> **INFORMATION SHOWN**

★ ★ ★

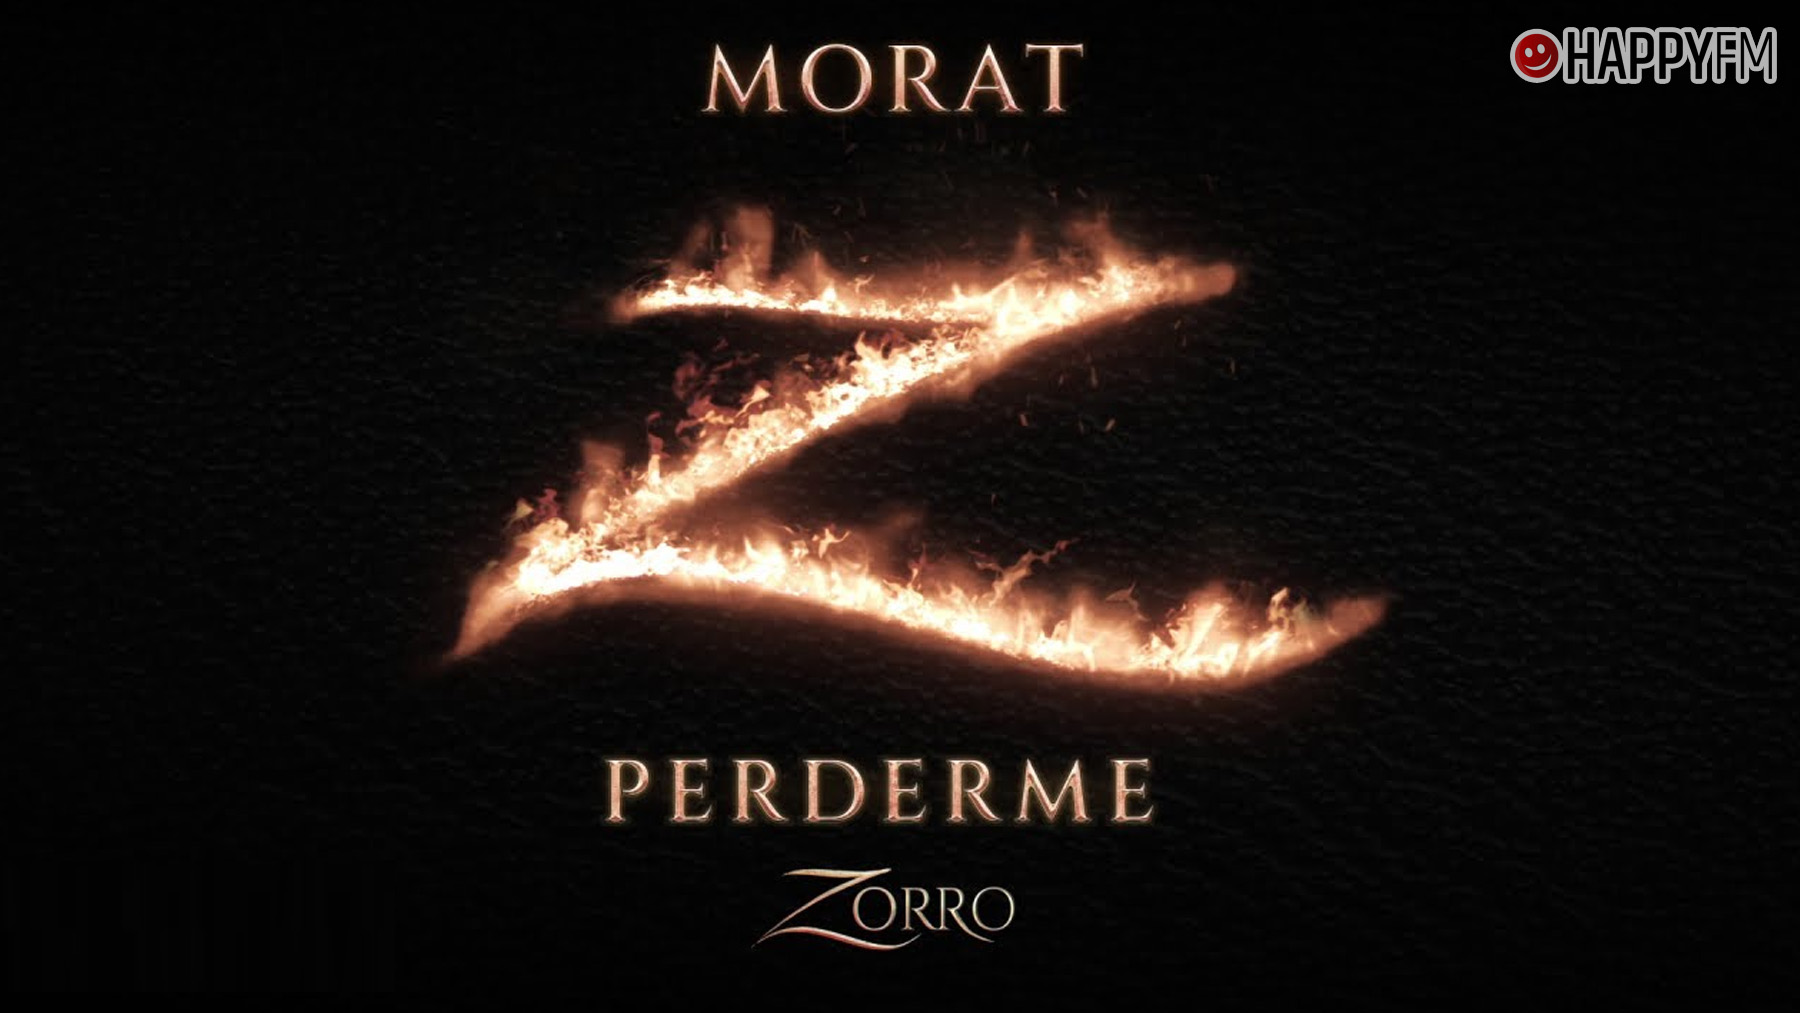 ‘Perderme’, de Morat (BSO ‘Zorro’): letra y vídeo
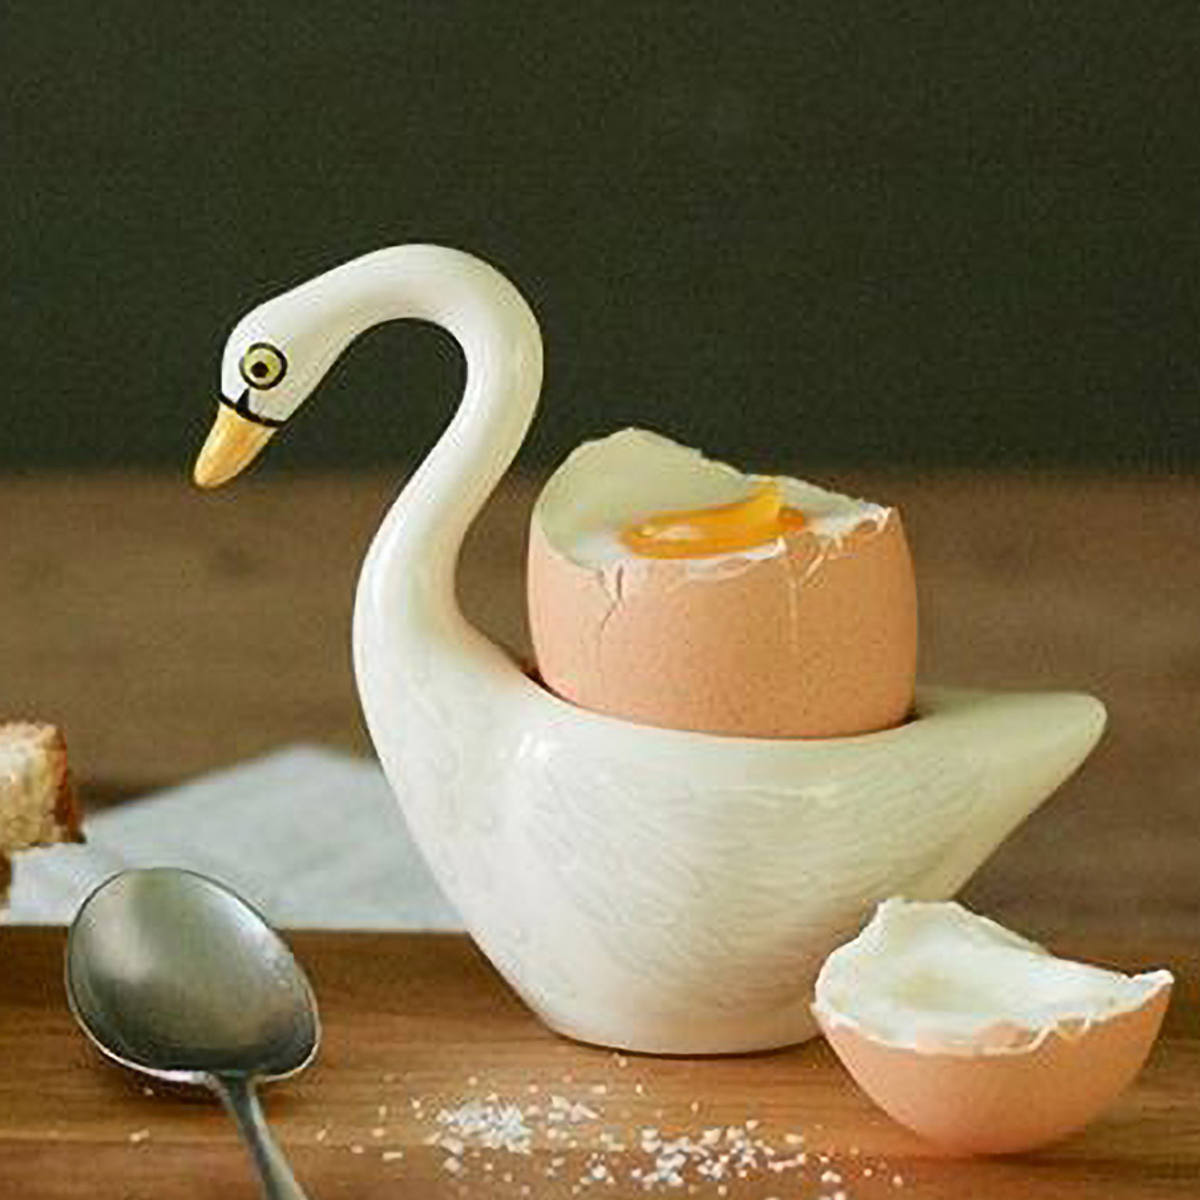 サイズ約 幅10.5×奥行5.2×高さ9（cm）内容量1個材質陶器生産国スリランカ製区分返品・キャンセル区分（小型商品）ギフトラッピングページを見るエッグカップ Hannah Turner Egg cups Swan White 白鳥おすすめポイント食卓が楽しくなるキュートなエッグスタンド『Swan White』ゆで卵を食べる際にお使いいただくエッグスタンドです。食卓が楽しくなるバードモチーフのかわいいデザインは、普段の生活を明るくほっこりさせてくれます。インテリアとしても使えるスタンド部分の窪みは底に穴が貫通していないため、小さなアクセサリーや鍵を置いておくスタンドとしても使えます。デスクでは散らばりやすいクリップをまとめて置いておくのも便利です。小さな鉢を入れてグリーンプランターとして机や窓際に可愛らしい植物を飾ることもできます。商品詳細手作業が生み出す愛らしい表情スリランカの職人達がひとつひとつ手作業で丁寧に作っています。石膏型鋳込みを利用し、ハンドペイントと転写シートを利用してデザインを施しています。素材はせっ器を使用しており、丈夫な作りです。ブランド紹介ハンナは1991年からイギリスを拠点に動物をモチーフにした作品を手がけビジネスをスタートさせます。製品はスリランカの窯元で丁寧に手作りされており、愛情と機能性を融合させたデザインはギフトとしても大変人気が高く、世界中で販売されています。環境問題にも向き合い、パッケージにはプラスチックを使用せずリサイクル段ボールを使用しています。また可能な限り持続可能であろうとし、2つの動物保護プロジェクトと手を結んでいます。関連キーワード：ハンドメイド 手作り 動物 モチーフ アクセサリー バード たまご 卵 タマゴ 入れ 立て タマゴ立て 容器 オブジェ ディスプレイ キッチン用品 キッチン雑貨 オシャレ お洒落 可愛い カワイイ おすすめ 人気 オススメ 使いやすい 日常 普段使い おうち時間 プレゼント 贈り物 ギフト お祝い お返し 祝い ブランド イギリス 大人女子 カギ 鍵 かぎ 置き 植物 玄関 卓上 インテリア LH12229 15001300関連商品はこちらエッグカップ Hannah Turner Eg5,500円エッグカップ Hannah Turner Eg4,620円エッグカップ Hannah Turner Eg4,620円エッグカップ Hannah Turner Eg5,500円エッグカップ Hannah Turner Eg5,060円エッグスタンド BRUNCH GEFU ゆで卵2,750円三徳玉子切り 卵 ゆでたまご カッター スライ798円たまご切り ゆでたまごカッター 日本製 貝印 538円調理用品 カッター 玉子用 たまごカッター キ798円冷蔵庫収納 Egg Rack エッグラック 818円エッグスライサー dreamfarm Eggl1,980円電気たまごゆで器 プエル 調理家電 2,280円
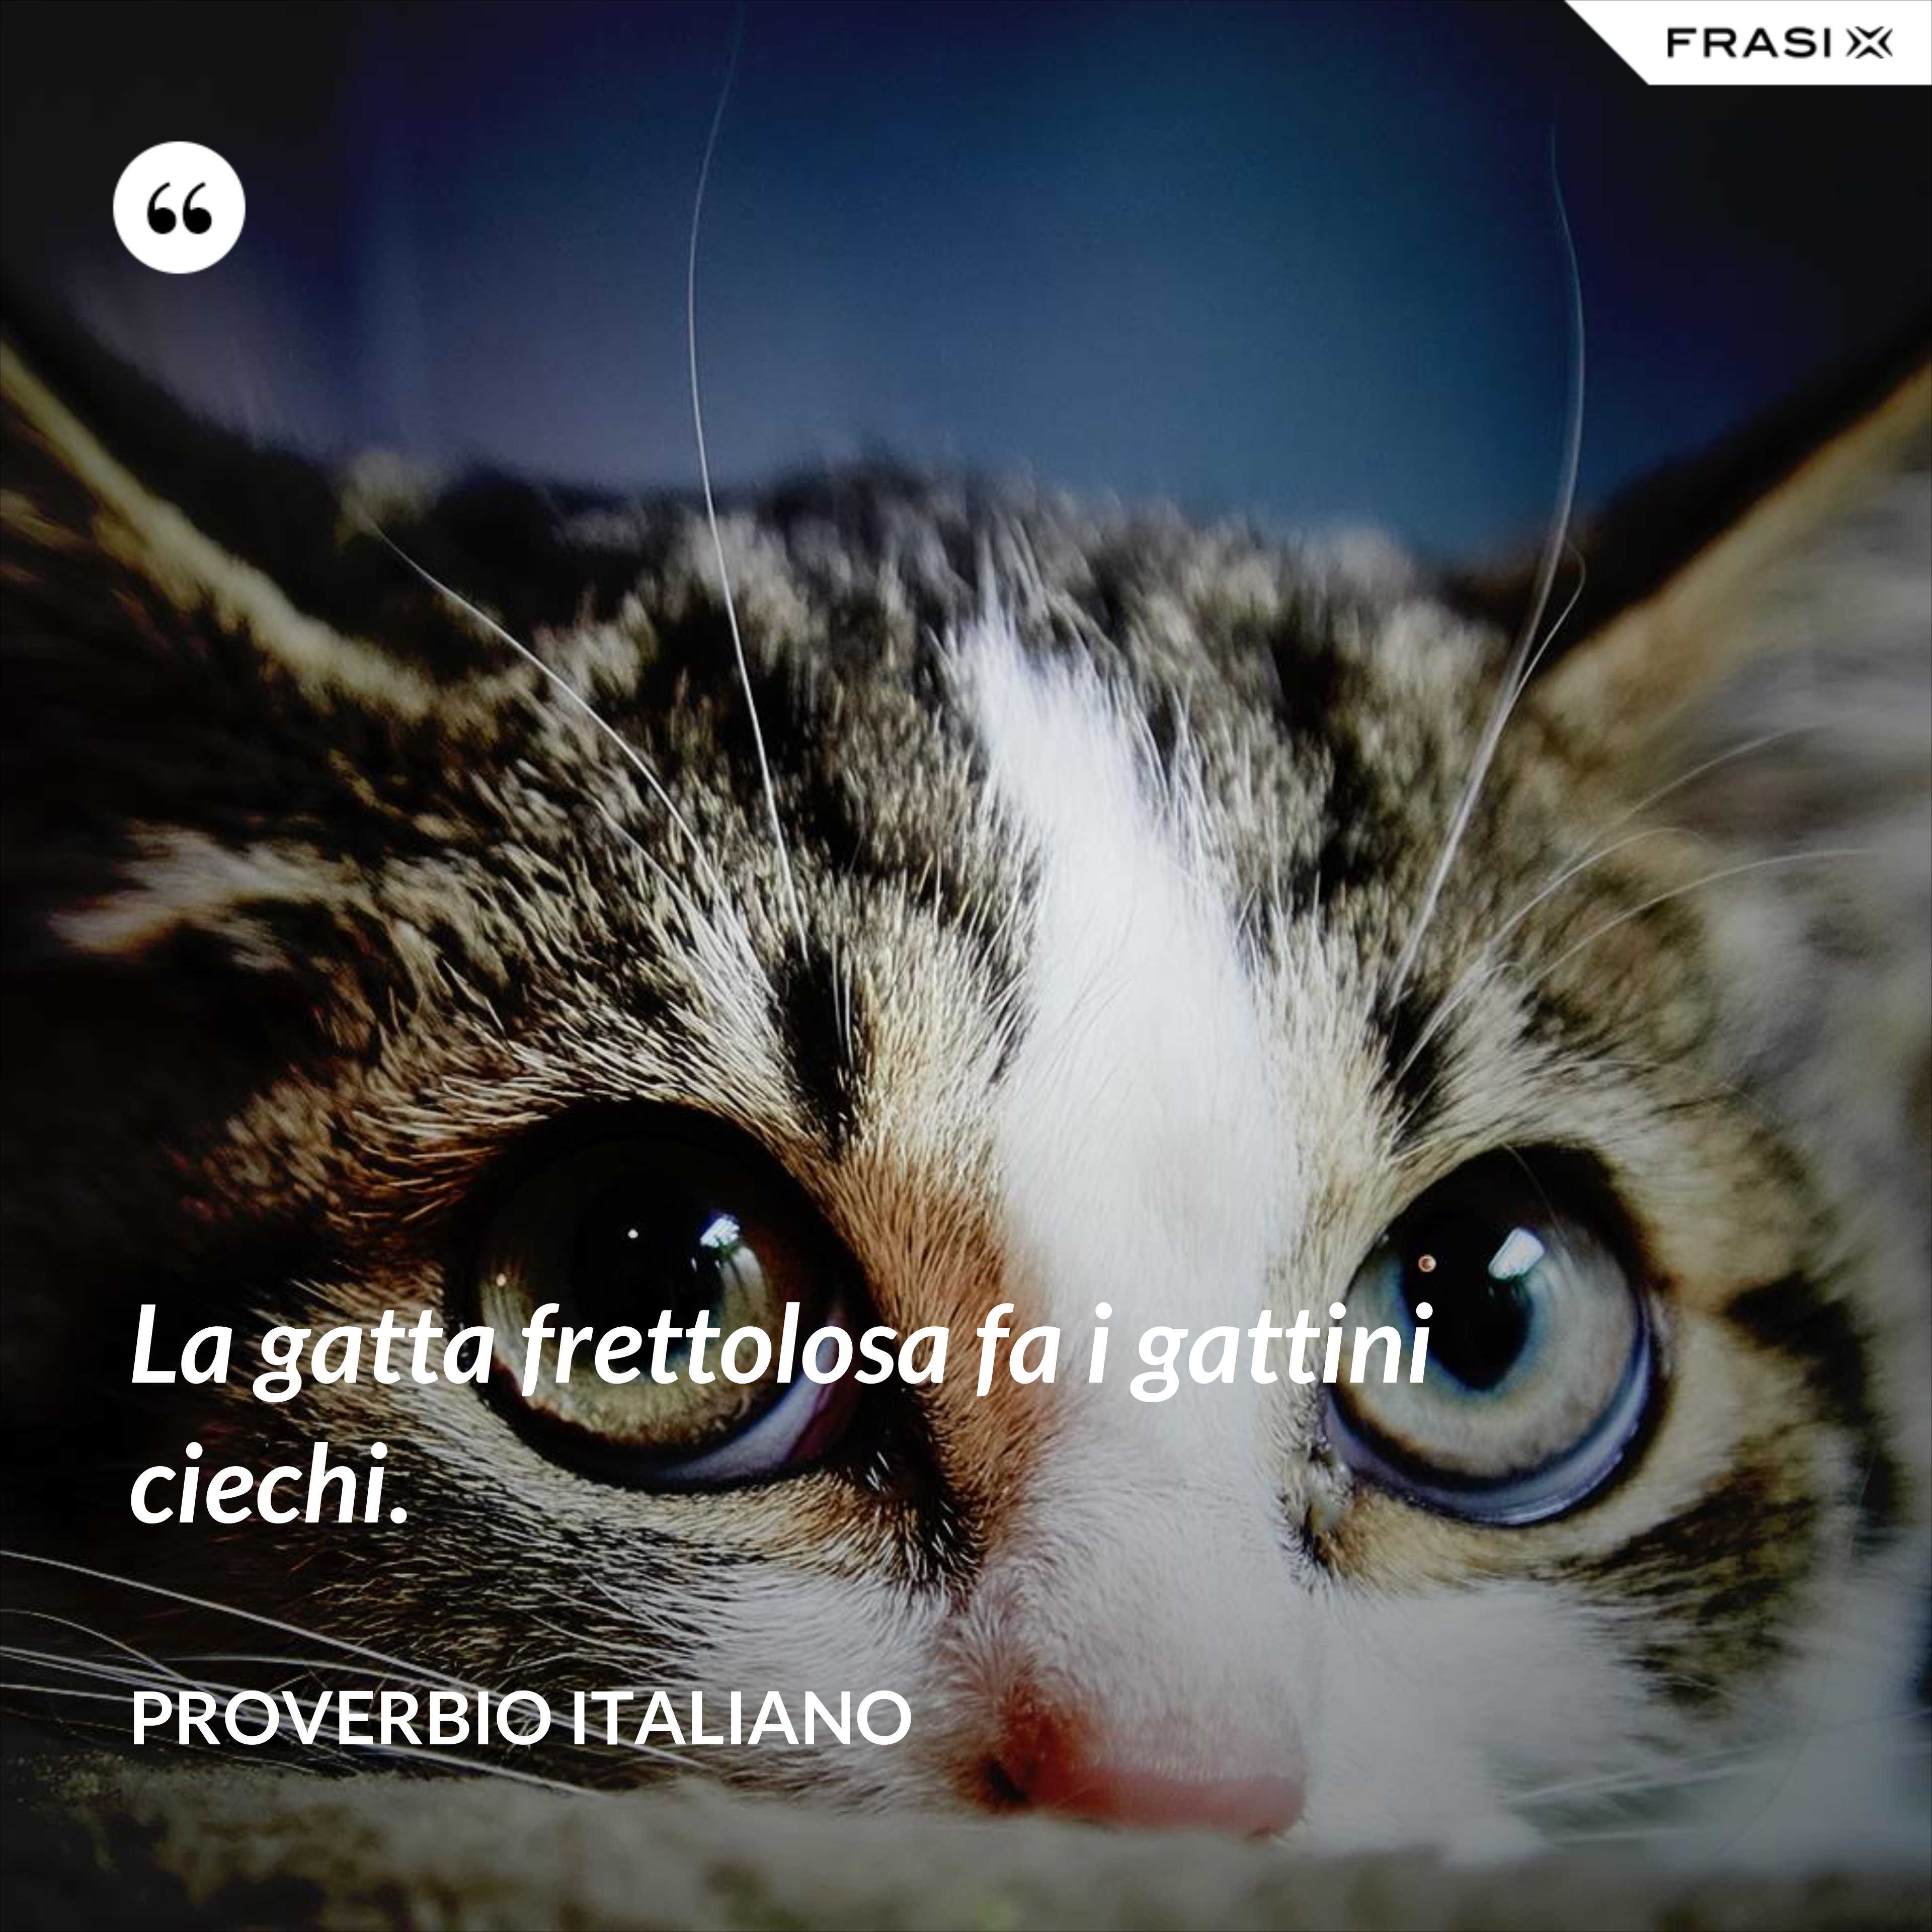 La gatta frettolosa fa i gattini ciechi. - Proverbio italiano

★ ★ ★

> **TASK OBJECTIVE**
The lines from the beginning of the listing above through the line holding "プエル 調理家電 2,280円" are to be duplicated exactly, and the pictures omitted.

> **OUTPUT FOR THIS TASK**
 ‘Perderme’, de Morat (BSO ‘Zorro’): letra y vídeo
 サイズ約 幅10.5×奥行5.2×高さ9（cm）内容量1個材質陶器生産国スリランカ製区分返品・キャンセル区分（小型商品）ギフトラッピングページを見るエッグカップ Hannah Turner Egg cups Swan White 白鳥おすすめポイント食卓が楽しくなるキュートなエッグスタンド『Swan White』ゆで卵を食べる際にお使いいただくエッグスタンドです。食卓が楽しくなるバードモチーフのかわいいデザインは、普段の生活を明るくほっこりさせてくれます。インテリアとしても使えるスタンド部分の窪みは底に穴が貫通していないため、小さなアクセサリーや鍵を置いておくスタンドとしても使えます。デスクでは散らばりやすいクリップをまとめて置いておくのも便利です。小さな鉢を入れてグリーンプランターとして机や窓際に可愛らしい植物を飾ることもできます。商品詳細手作業が生み出す愛らしい表情スリランカの職人達がひとつひとつ手作業で丁寧に作っています。石膏型鋳込みを利用し、ハンドペイントと転写シートを利用してデザインを施しています。素材はせっ器を使用しており、丈夫な作りです。ブランド紹介ハンナは1991年からイギリスを拠点に動物をモチーフにした作品を手がけビジネスをスタートさせます。製品はスリランカの窯元で丁寧に手作りされており、愛情と機能性を融合させたデザインはギフトとしても大変人気が高く、世界中で販売されています。環境問題にも向き合い、パッケージにはプラスチックを使用せずリサイクル段ボールを使用しています。また可能な限り持続可能であろうとし、2つの動物保護プロジェクトと手を結んでいます。関連キーワード：ハンドメイド 手作り 動物 モチーフ アクセサリー バード たまご 卵 タマゴ 入れ 立て タマゴ立て 容器 オブジェ ディスプレイ キッチン用品 キッチン雑貨 オシャレ お洒落 可愛い カワイイ おすすめ 人気 オススメ 使いやすい 日常 普段使い おうち時間 プレゼント 贈り物 ギフト お祝い お返し 祝い ブランド イギリス 大人女子 カギ 鍵 かぎ 置き 植物 玄関 卓上 インテリア LH12229 15001300関連商品はこちらエッグカップ Hannah Turner Eg5,500円エッグカップ Hannah Turner Eg4,620円エッグカップ Hannah Turner Eg4,620円エッグカップ Hannah Turner Eg5,500円エッグカップ Hannah Turner Eg5,060円エッグスタンド BRUNCH GEFU ゆで卵2,750円三徳玉子切り 卵 ゆでたまご カッター スライ798円たまご切り ゆでたまごカッター 日本製 貝印 538円調理用品 カッター 玉子用 たまごカッター キ798円冷蔵庫収納 Egg Rack エッグラック 818円エッグスライサー dreamfarm Eggl1,980円電気たまごゆで器 プエル 調理家電 2,280円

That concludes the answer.